Above is a single-machine MapReduce, but MapReduce shows its power more on multiple machines. Multi-machine MapReduce first needs to consider communication between machines—here we use SSH communication.

Besides opening a shell on a remote machine, SSH can also directly start a process on a remote machine through commands to run a specified program. For example, running the following code will display hello world on the local machine:

echo "hello world" | ssh 192.168.1.10 'cat'

The communication process: first, the local machine connects to the remote machine via SSH, passing hello world as an input stream to the remote machine. The sshd process on the remote machine intercepts the input stream, starts a cat process to read it, and returns the output stream to the local machine. The local sshd process also intercepts the output stream and outputs it locally.

This distributed communication pattern is very common in various distributed systems (YARN, Mesos, K8s). Each node needs a daemon to communicate with other nodes and manage resources—here sshd acts as the daemon, just without resource management functionality, but the basic principle is the same.

Using this method, we can put the map process on other machines. The code below puts the awk '{for (i=0; i<=NF; i++) print $i, 1}' program on machine 192.168.1.10:

1
2
3
4
5
6
7
8
9
10
11
12
text=$(cat <<EOF
This is my Cup
It is not your cup
My cup is white
Your cup is blue
EOF
)

echo $text\
| ssh 192.168.1.10 'awk '{for (i=0; i<=NF; i++) print $i, 1}'' \
| sort \
| awk '{if ($1 != prev) {print prev, c; c=0; prev=$1} c+=$2}'

We can put the map process on other machines and store results there because by default one machine cannot store all data, and input data is distributed across machines. The specific code:

1
2
3
4
5
Map = '{for (i=0; i<=NF; i++) print $i, 1}'

ssh worker1 'awk $Map /input*.txt > /tmp/o1 && echo worker1 ok'
ssh worker2 'awk $Map /input*.txt > /tmp/o1 && echo worker2 ok'
ssh worker3 'awk $Map /input*.txt > /tmp/o1 && echo worker3 ok'

The code above has three workers process their local files and store processed files locally, returning messages when done. Note awk $Map /input*.txt > /tmp/o1 && echo worker1 ok needs to be enclosed in quotes, indicating the entire command executes on the remote machine.

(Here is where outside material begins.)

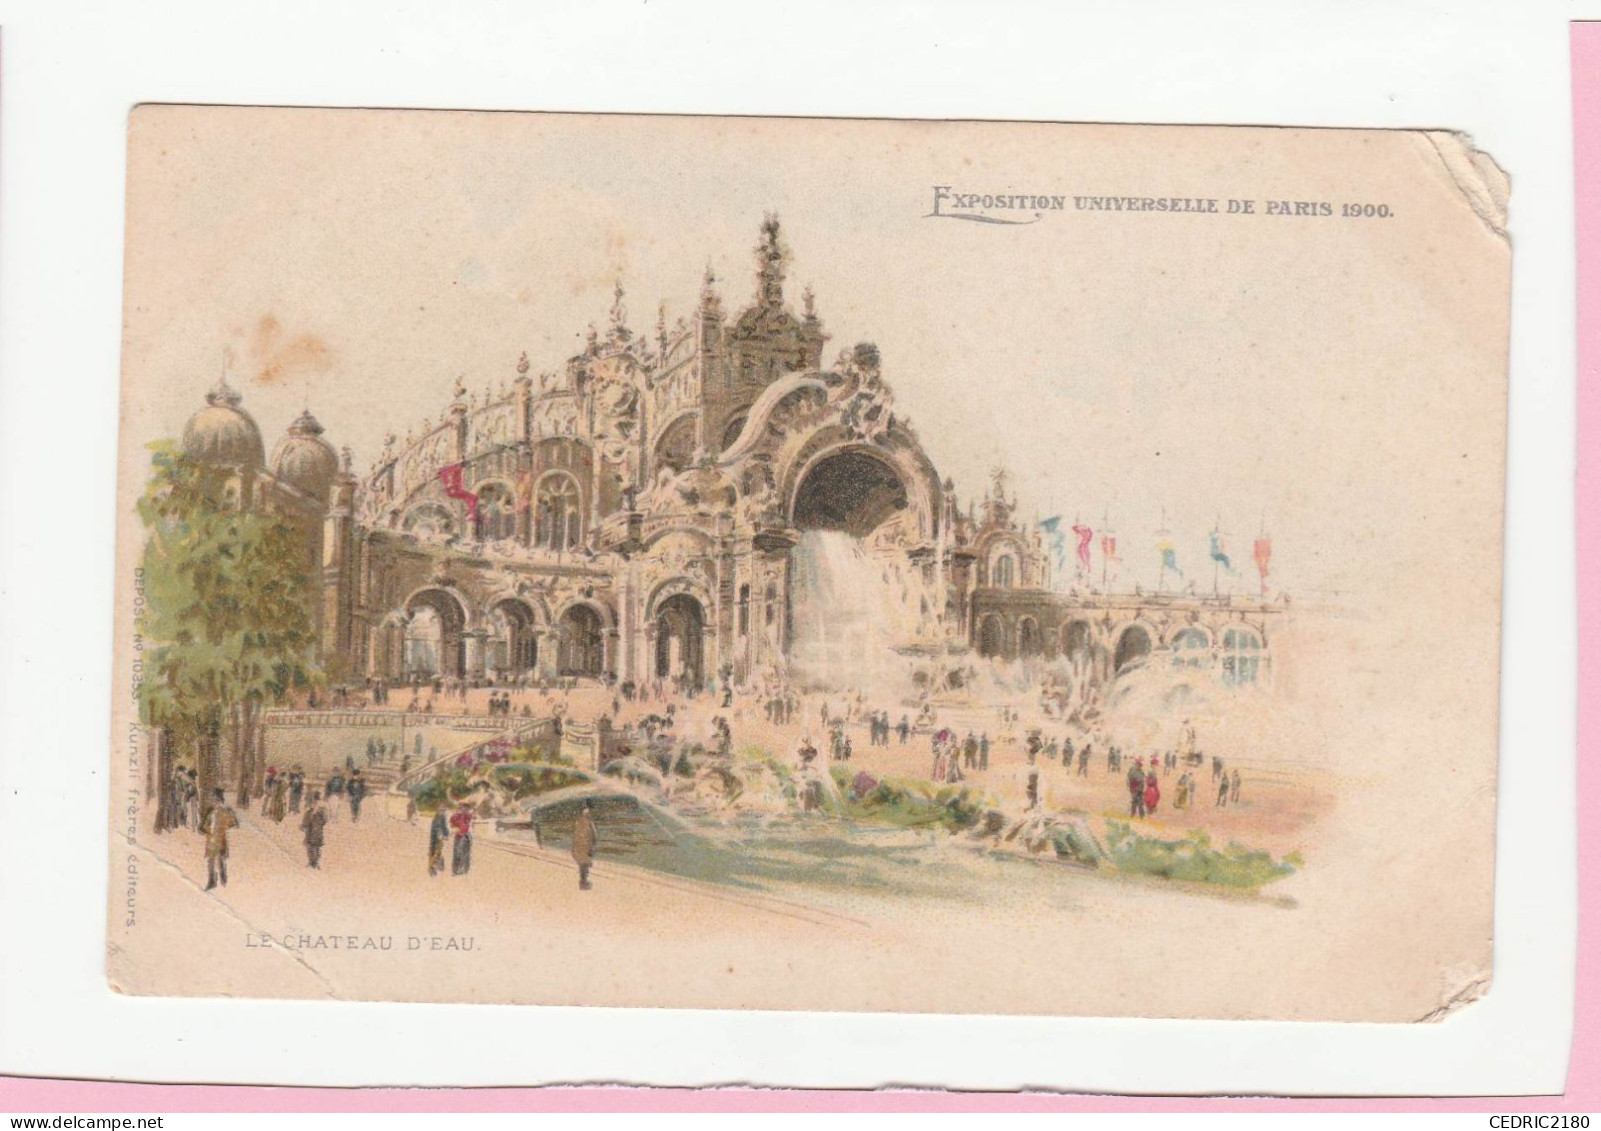 EXPOSITION UNIVERSELLE DE PARIS 1900 LE CHATEAU D'EAU - Exhibitions

When starting remote programs via SSH as above, you typically configure key-based access to avoid entering passwords each time.

Besides the map process, the shuffling process also needs distributed execution because data cannot fit on one machine. Previously, shuffling was a sort operation on all data—this approach obviously won’t work now. Actually, one purpose of shuffling is to hand the same key to the same worker. We can use the following method for distributed shuffling:

Assume there are n reduce workers. Each map worker performs hash(key)%n on each key,value record it processes. Let the modulo result be i (0<=i<n), and write the record to the i-th local file. At most n files will be generated locally. Then copy these n files remotely (via scp, etc.) to the n reduce workers. This ensures the same key is handled by the same worker. Reduce workers just need to sort and reduce the files copied to their machines. Reduce results are also stored on various machines (or consider storing on one machine if the post-MapReduce data can fit on one machine).

Note two points in the above process:

  1. Map and shuffle can overlap, but map and reduce cannot overlap. There are many ways for map and shuffle to overlap—one is: when each map worker generates n files as above, instead of sending all records to reduce workers at once, copy them when reaching a certain count. Reduce workers use insertion sort—for each file received from map workers, insert into the already sorted sequence.

  2. Some workers may be much slower than others, possibly due to load balancing issues—too many records assigned to that worker. You can further split these records, but ensure the same key is handled by the same reduce worker.

There’s a bashreduce project on GitHub that implements MapReduce in bash—the idea is similar to what we discussed, just with many other details considered.

The author also implemented a C++ version mapreduce-lite, not considering storage issues, quite fast—feel free to check it out.

Also, the Hadoop project has Hadoop Streaming, allowing users to implement MapReduce operations in other languages, just by specifying mapper and reducer.